At that point I began to worry whether or not the AFR (Automatic File Replication) portion of the Replicate/AFR translator was actually working correctly or not.  I started running some tests to determine what exactly was going on.  I began by copying over a few files to test replication.  All the files showed up on both nodes, so far so good.

Next it was time to test AFR so I began deleting a few files off one node and then attempting to self heal those same deleted files.  After a couple of minutes, I re-listed the files and the deleted files had in fact been restored. Despite the successful copy, the errors continued to show up every single time the file/directory was accessed (via stat).  It seemed that even though AFR was able to copy all the files to the new node correctly, gluster for some reason continued to want to self heal the files over and over again.
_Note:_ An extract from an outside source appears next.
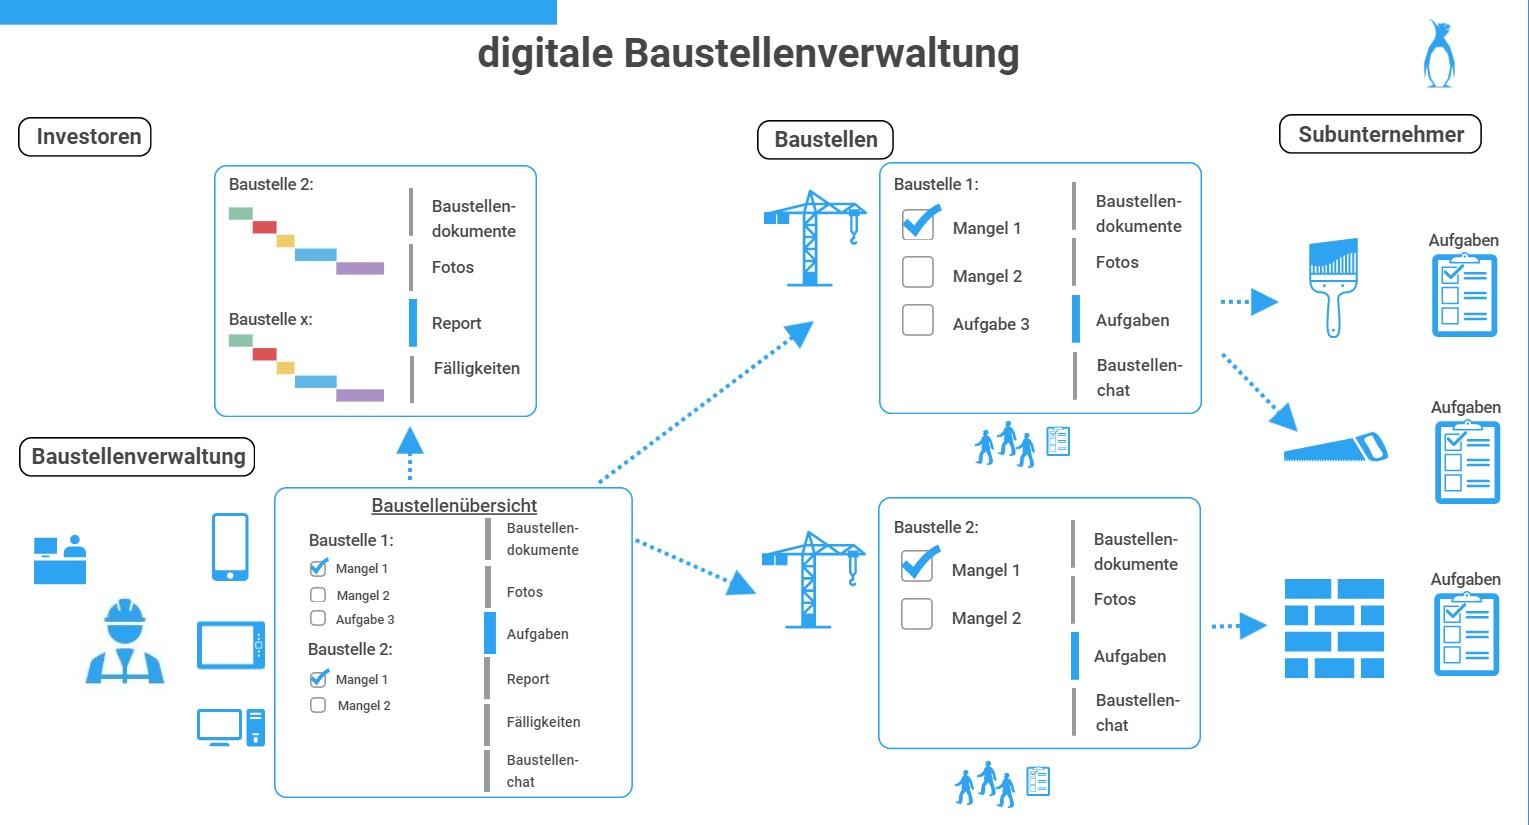 digitale Baustellenverwaltung

After finding the function that sets the extended attributes on Solaris, the following patch was created:

--- compat.c    Tue Aug 23 13:24:33 2011
+++ compat_new.c        Tue Aug 23 13:24:49 2011
@@ -193,7 +193,7 @@
 {
        int attrfd = -1;
        int ret = 0;
-
+
        attrfd = attropen (path, key, flags|O_CREAT|O_WRONLY, 0777);
        if (attrfd >= 0) {
                ftruncate (attrfd, 0);
@@ -200,13 +200,16 @@
                ret = write (attrfd, value, size);
                close (attrfd);
        } else {
-               if (errno != ENOENT)
-                       gf_log ("libglusterfs", GF_LOG_ERROR,
+               if(!strcmp(key,"SUNWattr_ro")&&!strcmp(key,"SUNWattr_rw")) {
+
+                       if (errno != ENOENT)
+                               gf_log ("libglusterfs", GF_LOG_ERROR,
                                "Couldn't set extended attribute for %s (%d)",
                                path, errno);
-               return -1;
+                       return -1;
+               }
+               return 0;
        }
-
        return 0;
 }

 

The patch simply ignores the two Solaris specific extended attributes (SUNWattr_ro and SUNWattr_rw), and returns a ’0′ to the posix layer instead of a ‘-1′ if either of these is encountered.

We’ve been running this code change on both Solaris nodes for several days and so far so good, the errors are gone and replicate and AFR both seem to be working very well.